性犯罪により生まれた少女と、その家族の絶望と再生を描いた秀作が誕生した。ロッテルダム国際映画祭2011招待作品として出品。「恐ろしいほどダークな作風の傑作。驚くほど破壊的で残酷なストーリーだが、同時に見事なまでによく出来ていて非常に見応えがある」(Screen International) と海外メディアの高い評価を受けた問題作だ。
レイプで誕生した娘、その母や祖父との地を這うような生活。また、母を犯した憎むべき犯人が父でもあるという現実。様々な葛藤を抱えた少女が、必死で生き抜こうともがきながら、大人への階段を上がっていく姿が詩的に描かれている。

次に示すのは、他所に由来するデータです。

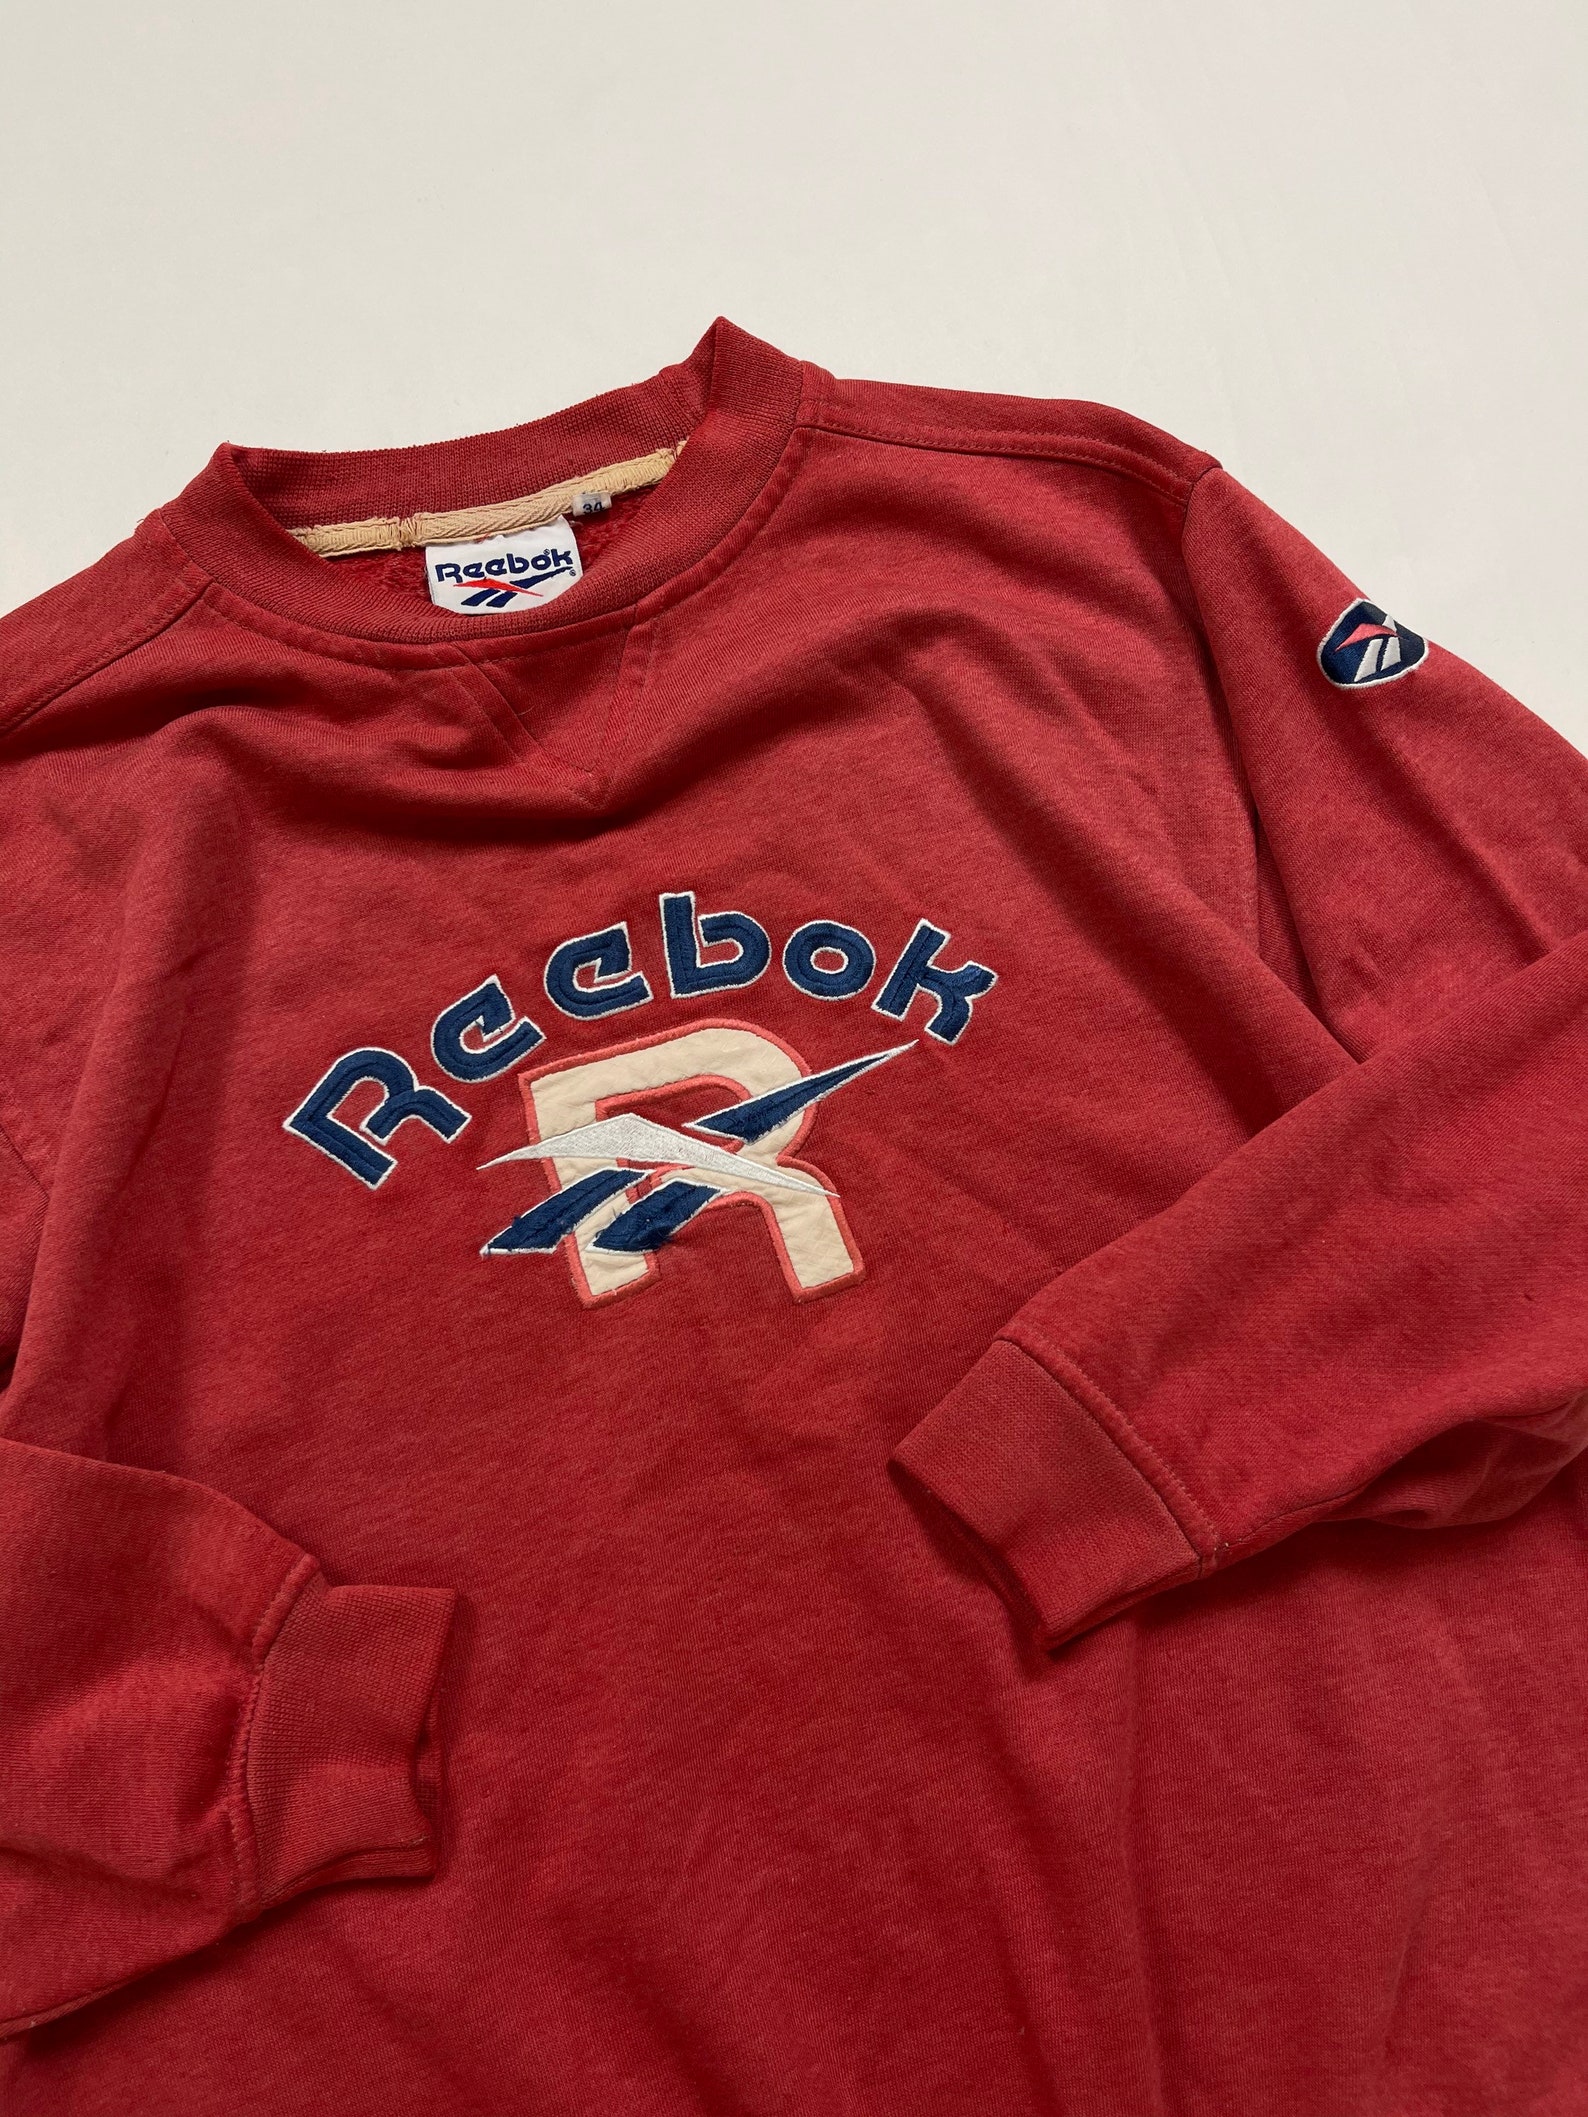 Reebok equipment vintage sweatshirt big logo crewneck vntg 90s | Etsy

そのひたむきな少女の姿に、魂を揺さぶられる。
監督・脚本には、TVドキュメンタリー作品を多く撮り続け、常に人間と対峙してきた異才・坂口香津美。劇映画は、ひきこもりの青年の自立を描いた『青の塔』(2000年)、加害少年の罪のゆくえを見つめた『カタルシス』(2003年)に続く、第三作目となる。
主演の少女は、本作が映画デビューとなる新人の平野茉莉子。難役であり、美しい裸体をもさらした演技は、無垢で透明感が漂う。また、全編に流れるピアノは、15歳の小林愛実。小澤征爾や佐渡裕といった世界的な音楽家たちが絶賛する、今最も注目のピアニスト。その音色は、過酷な宿命を背負った主人公に寄り添う、まるで優しいレクイエムのようだ。女優としても、レイプ犯の娘役(主人公とは腹違いの妹役)を繊細かつ堂々と演じている。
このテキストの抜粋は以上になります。